Read Emaculum (The Scourge Book 3) Online
Authors: Roberto Calas
Morgan’s deep voice booms from behind me. “‘We do this in your name, oh Lord. Our prayers of faith will save the one who is sick, and the Lord will raise her up.’
Amen
.”
Amens
ripple through the crowd of onlookers. Some fall to their knees and hold clasped hands upward. These are the same lords and ladies who fornicated and gambled on the benches a short time ago. I can see the fear in their postures, in their expressions. If God can heal the afflicted, then He still watches over us. And if He still watches over us, what has He seen?
“You do this in the name of God, do you?” Sir Simon sputters. “You practice sorcery and witchcraft in the name of the Lord?”
“Do shut up, Simon,” Richard says. He motions to the guards and two of them take hold of Simon’s arms.
“Your Majesty, this is a mistake!” Simon shouts.
The king meets my gaze, takes a sharp breath, and tips the ampoule. A liquid the color of rust trickles into the queen’s open mouth. She makes a rasping sound and tries to shake her head, but I clamp her jaw closed. Anne thrashes wildly, burns me with the eternity of her eyes. Her skin blackens under my grip, but I do not let go. I watch her closely, until her throat pulses.
She has swallowed it.
“How long?” Richard says. “How long before I get her back?”
“Thirty breaths,” Zhuri says. “Thirty breaths before it starts to work.”
“Will. . . will those awful black marks heal? And the boils?”
“They will, King Richard.
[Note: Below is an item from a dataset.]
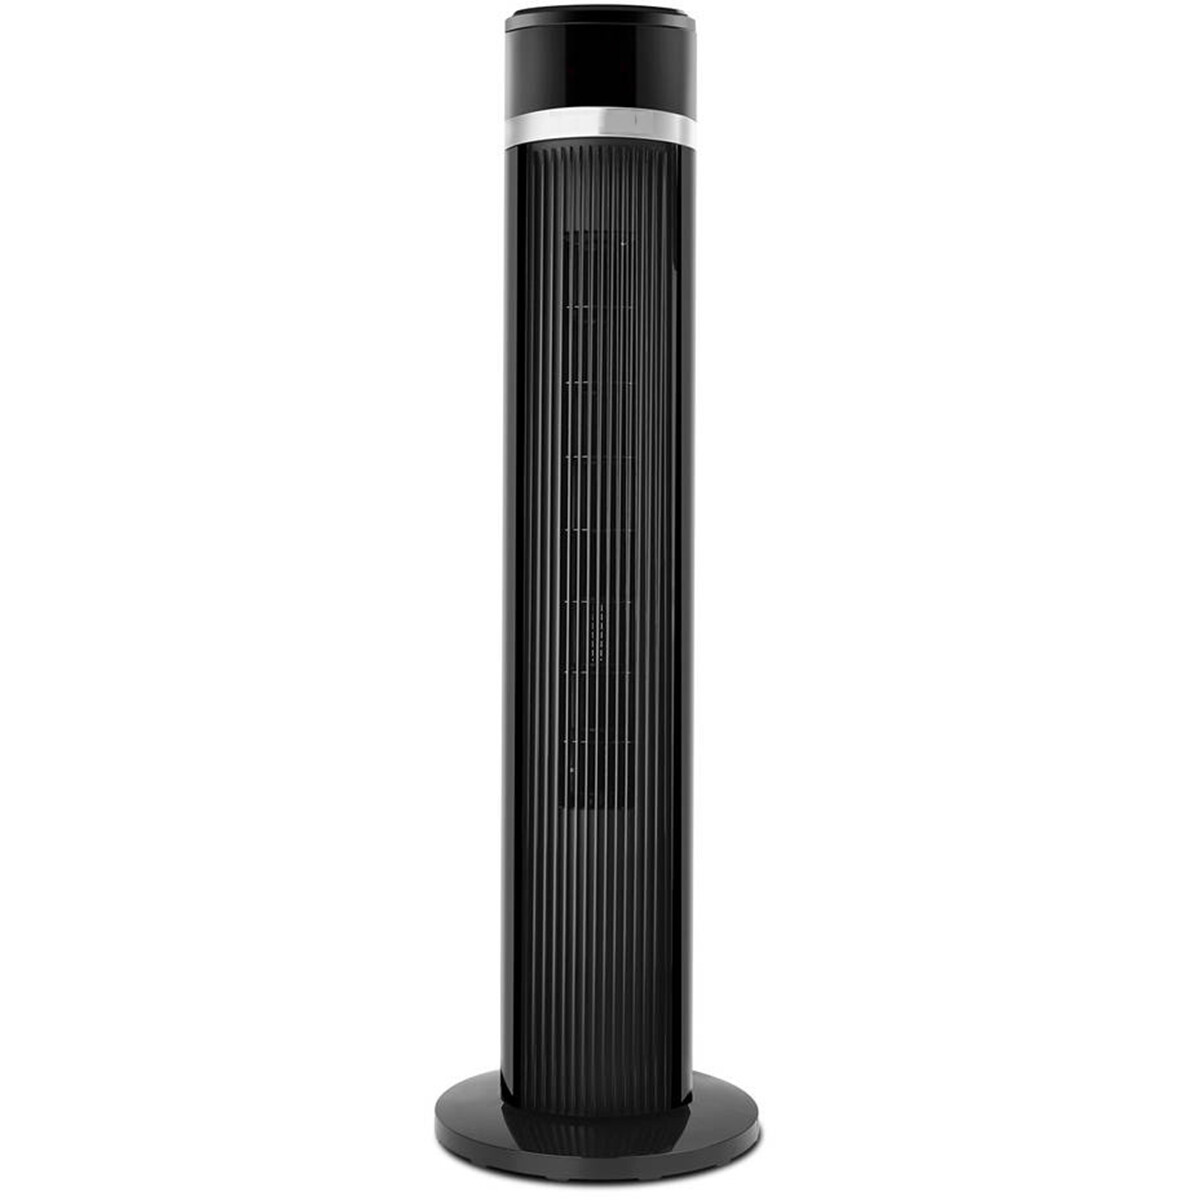 Ventilator - Aigi Islo - 35W - Tafelventilator - Staand - Rond - Mat Zwart - Kunststof

I am told that she will bear scars where her skin has split, but most of the disfigurations will heal.”
Richard clasps his hands and rocks. “I have been without her for over four months.”
“More than,” says Zhuri.
Richard stops rocking. “Sorry?”
“He was agreeing, Your Highness.” I squint at Zhuri.
We wait silently. And as we do, more and more people shuffle into the chapel. Word of the cure has spread. The men and women from the courtyard have come to witness the miracle of life. The resurrection of their queen.
Richard rocks slowly. His trembling voice warbles out a song.
“
Nowel, nowel, nowel
.” It resonates in the high-roofed chapel. “
Out of your sleep arise and wake
.”
Ten breaths and no change.
She strains and screams and snarls like a cornered wolf.
Dear God, it won’t work. It won’t work and Richard will blame me. And a mad king’s blame is a terrible thing.
“
For God has made for mankind’s sake, all of a maid who makes me knell
.”
Another five breaths and still no change. I think of the alchemist’s wife, and the horror she had become. The sweat seeps along my hairline.
“It hasn’t worked,” Sir Simon whispers. “You see, Your Majesty? These men are frauds. Only God may cure the plague.”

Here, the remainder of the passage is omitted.